Loan Officer: Proposed name?
WP: Hamwitches
[long pause]
LO: Hell yes.
<enter password>
chicken
<password is weak>
chickensoup
<password is feeling a little better>
Last night my 3 year old screamed “DON’T TAKE MY BANDAID OFF! I DO IT!” in her sleep, in case you were wondering what toddlers have nightmares about.
uncle dave has been through hell
Birds are weird. Could you imagine if we all woke up at 5 a.m. and just started hollering at each other across the whole neighborhood?
Good thing we got these tiny handheld computers to do our yelling for us, or else we’d look like IDIOTS.
Bought some expensive neck cream.
Directions say to apply it twice daily.
If I slather it on every hour, I’ll have the neck of a teen.
I never move faster than when I’m pulling a shirt or sweater over my head. I like to minimize the “murder window” as much as possible.
Good News: Got rid of the skunk smell on the cat using hydrogen peroxide, dishsoap & baking soda
Bad News: the cat now looks like Billy Idol
i used to steal a bunch of digestion meds as a kid and all the cvs’s around town had a wanted sign calling me klepto bismol
You want me to be your daddy? Then close the damn door, we’re not heating the outside!
God gave you alcohol, sex and music. Why do you all talk about politics?!
I hate to brag but strangers were spraying me with Lysol before this all started.
It costs nothing to be kind. But then again, it costs nothing to be a sociopath.

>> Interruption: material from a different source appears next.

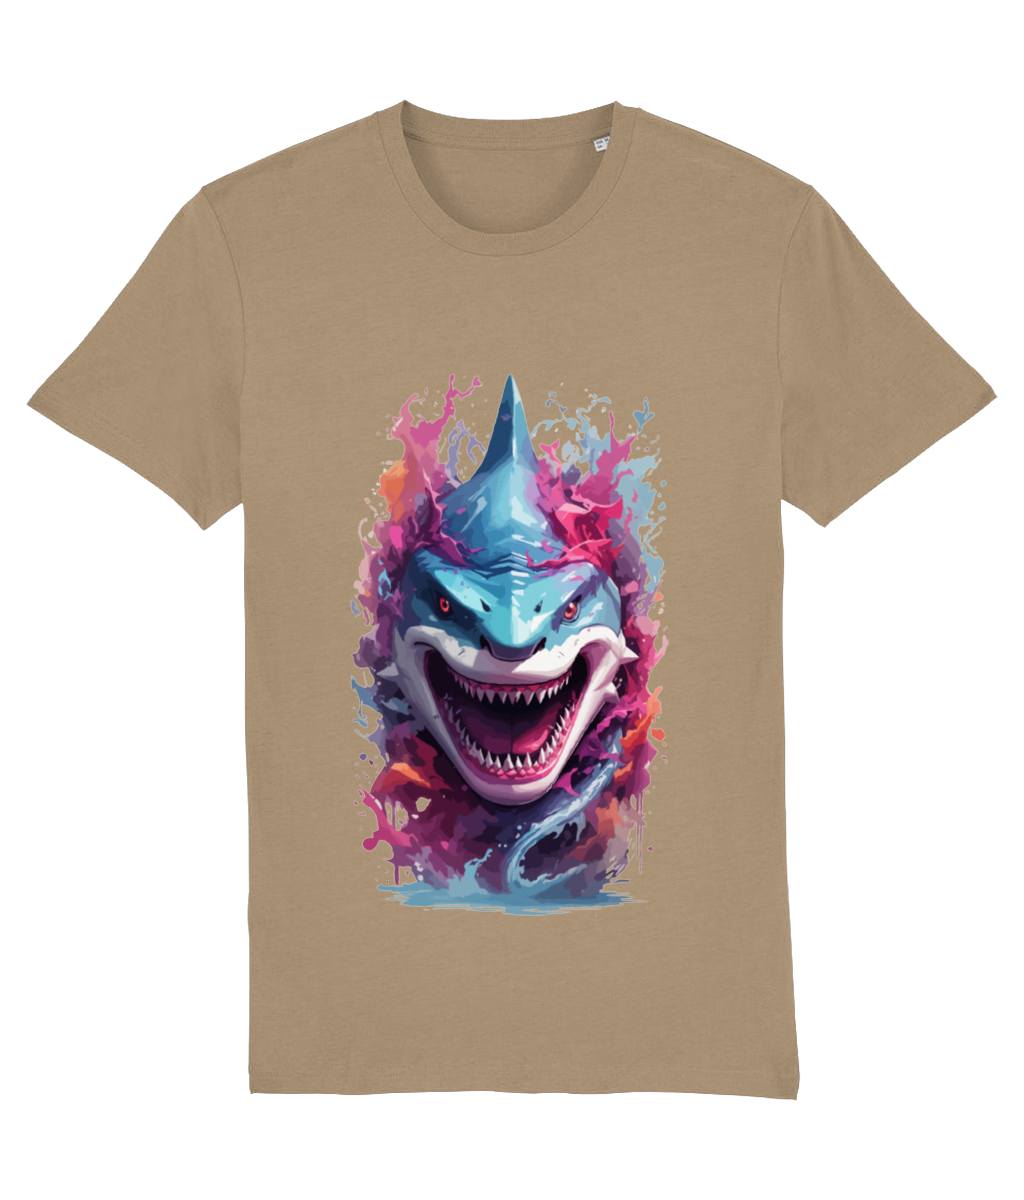 Arty Shark Print T-Shirt

So you see my dilemma.
I just realized the straps on the side of the mattress are for moving the mattress, and not for what I’ve been using them for all this time.
Eggnostic is when you don’t know which came first, the chicken or the egg
Imagine how difficult it would be if you had two colleagues, one called Ian and one called Iain, but Iain only had one eye.
My mom told me I needed to learn how to relax more so I dropped my kids at her house.
*Closes refrigerator door and hears contents inside fall*
Well… sounds like a problem for the next person.
The struggle is real.
How dare room service question “how many people” I need 8 mimosas for 🙄
Spice up Christmas shopping by entering random fitting rooms, waiting 5 minutes, then yelling, “Hey! There’s no toilet paper in here!”
Avoid office small talk by maintaining that facial expression between first sneeze and second sneeze.